- _Supplied records_:
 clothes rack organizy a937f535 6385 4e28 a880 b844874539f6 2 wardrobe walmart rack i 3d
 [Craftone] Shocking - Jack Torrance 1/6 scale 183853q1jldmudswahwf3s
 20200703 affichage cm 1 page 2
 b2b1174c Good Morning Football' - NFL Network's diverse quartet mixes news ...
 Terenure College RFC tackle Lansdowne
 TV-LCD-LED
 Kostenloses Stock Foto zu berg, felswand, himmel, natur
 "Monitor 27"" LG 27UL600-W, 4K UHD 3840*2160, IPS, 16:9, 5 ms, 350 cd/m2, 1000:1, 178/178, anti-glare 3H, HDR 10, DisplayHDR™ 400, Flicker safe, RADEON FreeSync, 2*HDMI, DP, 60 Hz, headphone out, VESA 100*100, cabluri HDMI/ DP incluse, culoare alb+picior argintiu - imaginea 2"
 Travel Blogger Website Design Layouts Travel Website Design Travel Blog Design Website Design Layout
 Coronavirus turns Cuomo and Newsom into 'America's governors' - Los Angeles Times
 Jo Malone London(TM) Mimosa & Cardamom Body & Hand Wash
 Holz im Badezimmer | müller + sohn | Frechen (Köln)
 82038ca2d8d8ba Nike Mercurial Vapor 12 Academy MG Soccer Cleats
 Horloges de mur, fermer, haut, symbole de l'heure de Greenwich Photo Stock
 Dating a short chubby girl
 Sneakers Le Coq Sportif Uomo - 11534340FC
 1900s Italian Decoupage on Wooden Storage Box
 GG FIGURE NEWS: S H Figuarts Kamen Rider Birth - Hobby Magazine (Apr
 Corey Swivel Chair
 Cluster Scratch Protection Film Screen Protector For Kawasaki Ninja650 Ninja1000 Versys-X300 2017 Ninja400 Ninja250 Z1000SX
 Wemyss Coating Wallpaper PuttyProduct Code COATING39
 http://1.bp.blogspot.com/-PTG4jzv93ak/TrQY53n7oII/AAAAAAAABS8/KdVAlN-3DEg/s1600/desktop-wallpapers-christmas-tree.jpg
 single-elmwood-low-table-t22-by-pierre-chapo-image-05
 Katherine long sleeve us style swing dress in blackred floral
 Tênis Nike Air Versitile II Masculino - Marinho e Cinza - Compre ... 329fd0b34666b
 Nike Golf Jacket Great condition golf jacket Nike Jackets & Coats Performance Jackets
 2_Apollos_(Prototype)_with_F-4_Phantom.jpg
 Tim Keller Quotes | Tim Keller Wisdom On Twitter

- _Problem description_: From the records above, return each line where "Stock" occurs.

- _Output of the task_:
 Kostenloses Stock Foto zu berg, felswand, himmel, natur
 Horloges de mur, fermer, haut, symbole de l'heure de Greenwich Photo Stock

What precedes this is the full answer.